Phil kept right on running, but Mikey stopped to help me
up. We had a good laugh about the giant skid mark I’d
left in the trail and then I told her to go on ahead and
I’d catch up. It’s not far from the mud holes to the lake
shore. Maybe a couple of minutes on good legs. It
probably took me about ten to catch up to them. When I
get up on the shore I can see two piles of clothes laying
next to the fire ring. The moonlight is bright on the
water and I can see Phil and Mikey floating probably
about fifty feet off shore. At that point I’m not sure I
want to go in. My ankle really hurts and I know those
scratches are going to sting in the water. But then I
hear Phil and Mikey splashing around out there and I
think there’s no way I’m missing this moment. Who knows
where any of us will be next year?
And with that in mind I start stripping down to my
underwear. I can hear them having a great time and I’m
just so excited to be doing this - so I don’t even bother
to take off my socks. Instead I just hobble into the
water and it doesn’t even matter that my ankle gives out
because I made it. I’m swimming. Night swimming. And it’s
exhilarating.
This is my first night swim at Oden, but I’ve been here a
thousand times in the daylight. Even in this eerie
moonlight, I know my way along the bottom. When I come
back up for air I’ve closed a little more than half the
distance to the others, but I can tell that something is
wrong. There’s a lot less splashing and I can hear Phil
half-choking. He’s calling for Mikey, and I have this
thought: what if she’d had more to drink than we
realized? What if she’s drowning? So I start calling for
her too.
I’m sure she was only under for a few seconds, but it
felt like years. When she did surface, she immediately
started doing this loud backstroke towards shore, all the
while screaming “Something bit me!” …
They say a bull shark can survive in fresh water and,
well, you don’t grow up around here without occasionally
wondering if one might swim hundreds of miles up the
Columbia and Pend Oreille rivers just to terrorize Bonner
County residents. Why not? Tourists drive hundreds of
miles here to do the same thing. Now I’m thinking shark,
but I’m also thinking that’s stupid and all the while
I’ve been instinctively swimming towards her. I’m almost
there when something rips me underwater.
It’s dark. Darker than it was on the swim out. Maybe it
was mud… or blood… or just the fear. I don’t know. It was
like the moonlight just left.
I can’t see anything but I can feel it clamping onto my
right leg just above the ankle. I start punching at that
whole area and somewhere in the flurry I must have scored
a good hit on the thing because I was suddenly on the
surface again. That’s when the pain hit me. It felt like
my ankle had been ripped open by a saw blade. I’m crying.

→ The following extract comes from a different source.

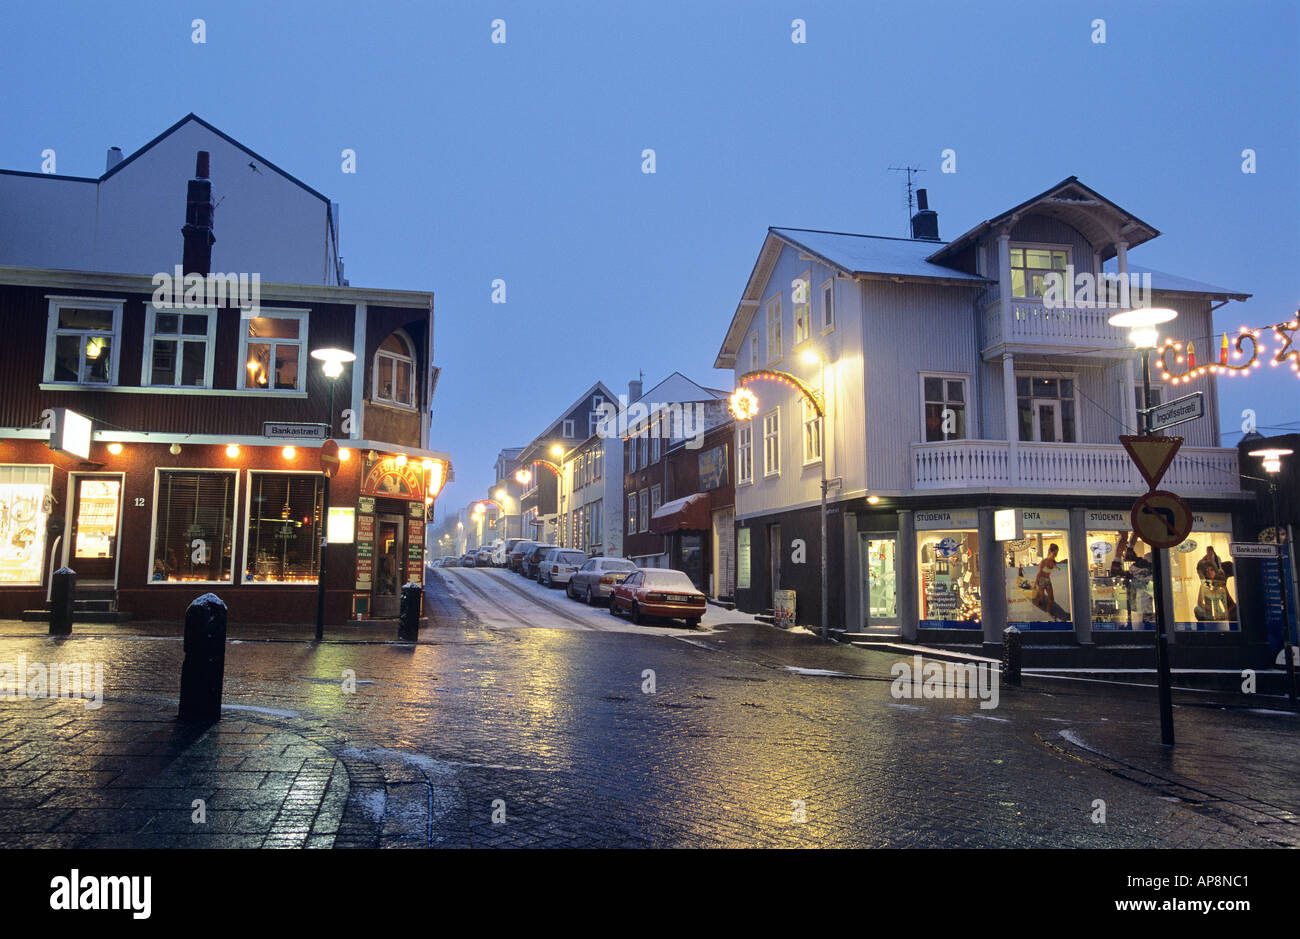 Photos: Winter style on Reykjavík's streets
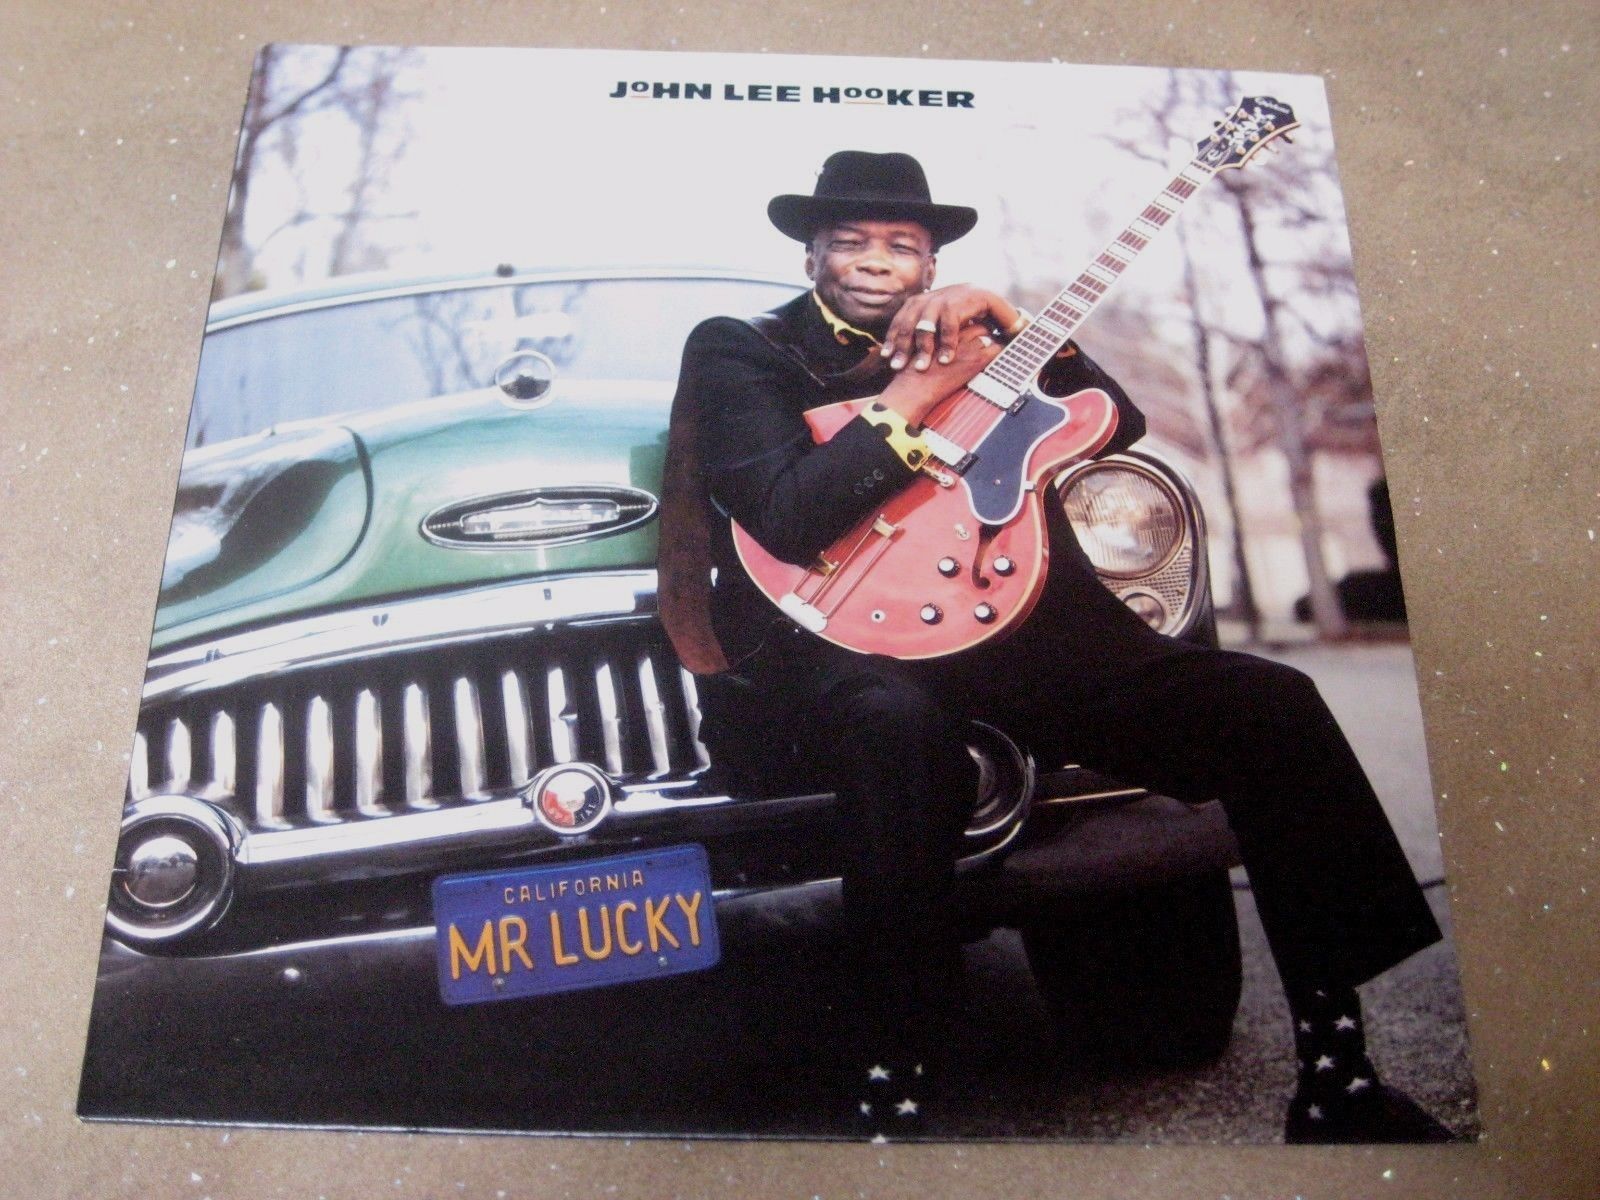 JOHN LEE HOOKER   MR LUCKY   SILVERTONE ORE LP 519   1991   EX+/EX+

I’m yelling. And every time my face goes underwater I can
taste the blood that I know must be coming from me. I can
hear Phil asking if I’m alright but I know the answer is
probably no and I’m too terrified to think about it so I
just yell back that he needs to get Mikey to shore.
I’m the best swimmer here…
Phil is the worst…
But the bottom here is a really gentle slope. I know
he’ll be able to stand soon. That’s good, but what am I
going to do? I have one mutilated ankle, and one that’s
just sprained, and I’ve lost one of my socks. My sock! If
I can get go shore, I think, I can use my sock as a
tourniquet to stop the blood loss. I reach my arm out to
swim and that’s when the thing grabs my left forearm. My
right hand shoots out and grabs for a body, but it’s so
slimy that it slips and catches the spine of a fin. Not
a shark. It’s some kind of huge fish.
I ball my left hand up into a fist and pull. I can feel
everything in my arm being torn open and I know I’m
probably dead, but I’m not giving up without a fight. I
clap my right hand around the other side of the head and
then jab my whole finger into the eye socket.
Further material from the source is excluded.